▶ _Required work_: Copy everything in the listing below word for word, apart from any images.

*** Opening Data excerpt ***

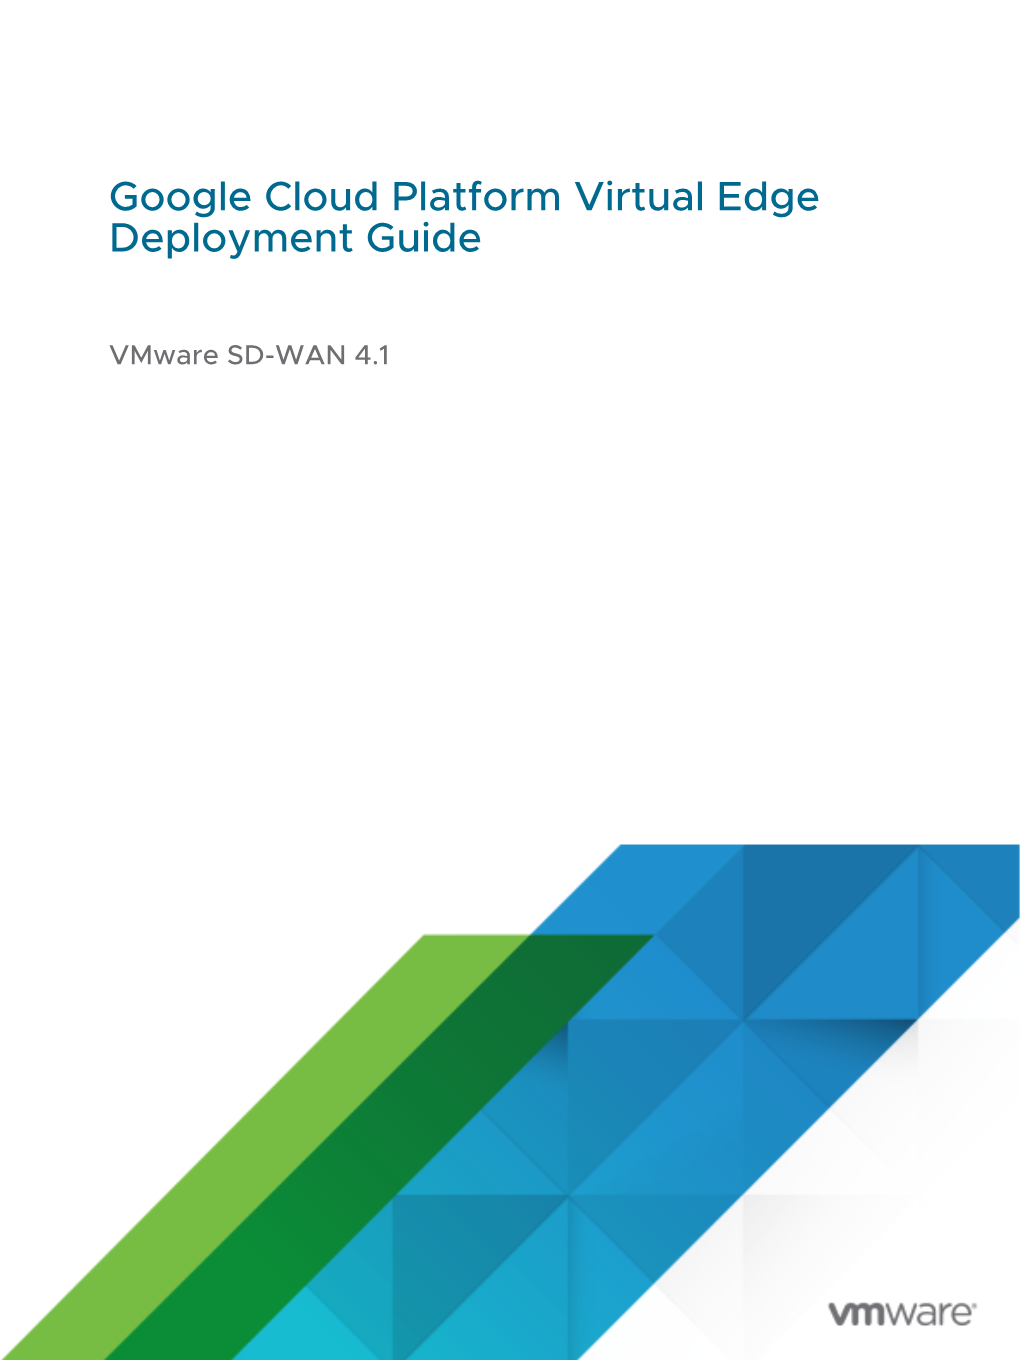 Google Cloud Platform Virtual Edge Deployment Guide
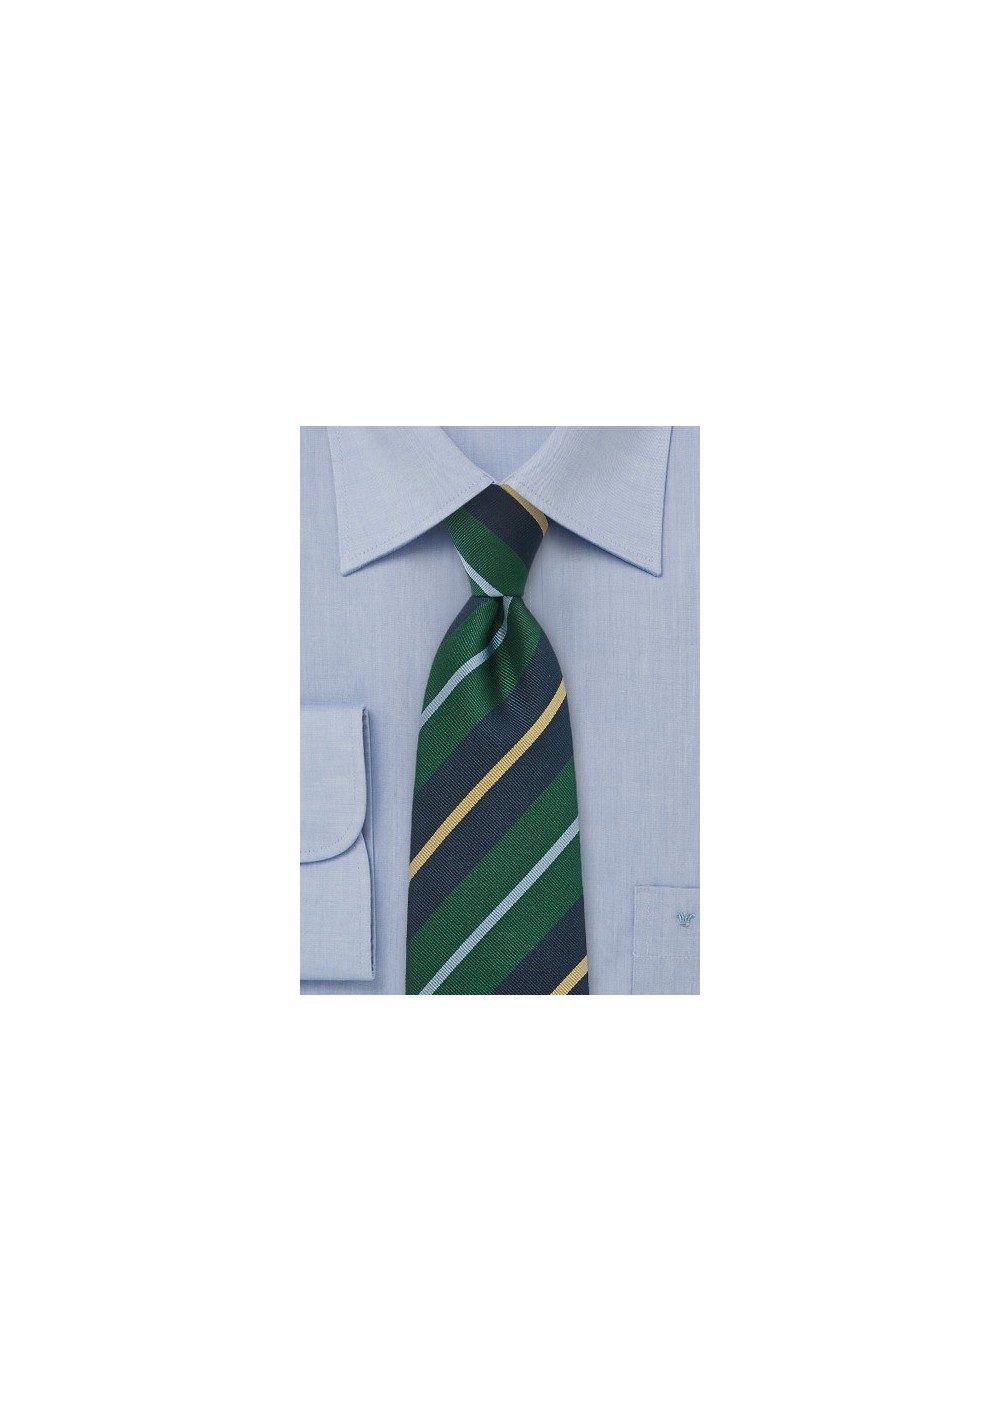 Essential Regimental Tie in Green
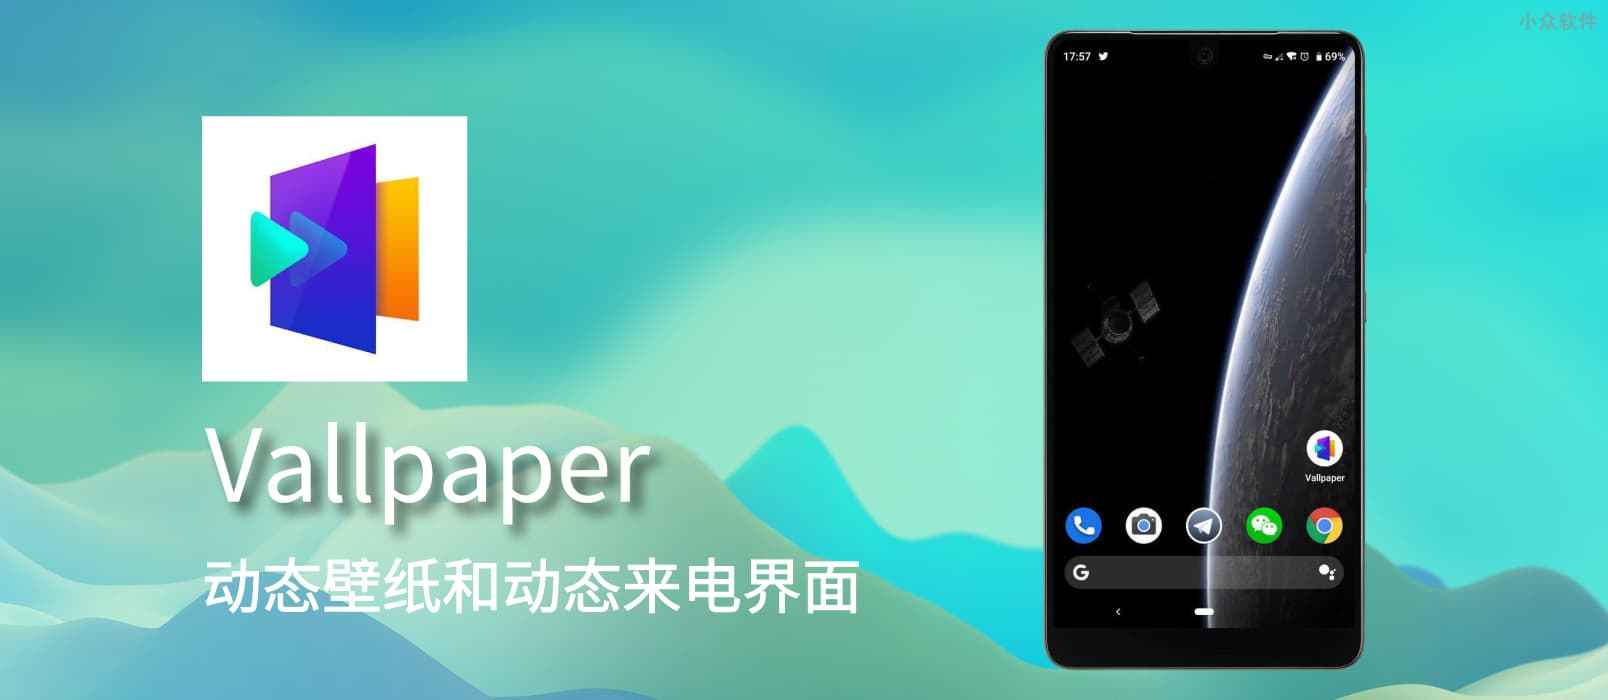 Vallpaper – 动态视频壁纸与动态来电秀界面 [Android]

*** Closing Data excerpt ***

▶ _Written solution_:
 Google Cloud Platform Virtual Edge Deployment Guide
 Essential Regimental Tie in Green
 Vallpaper – 动态视频壁纸与动态来电秀界面 [Android]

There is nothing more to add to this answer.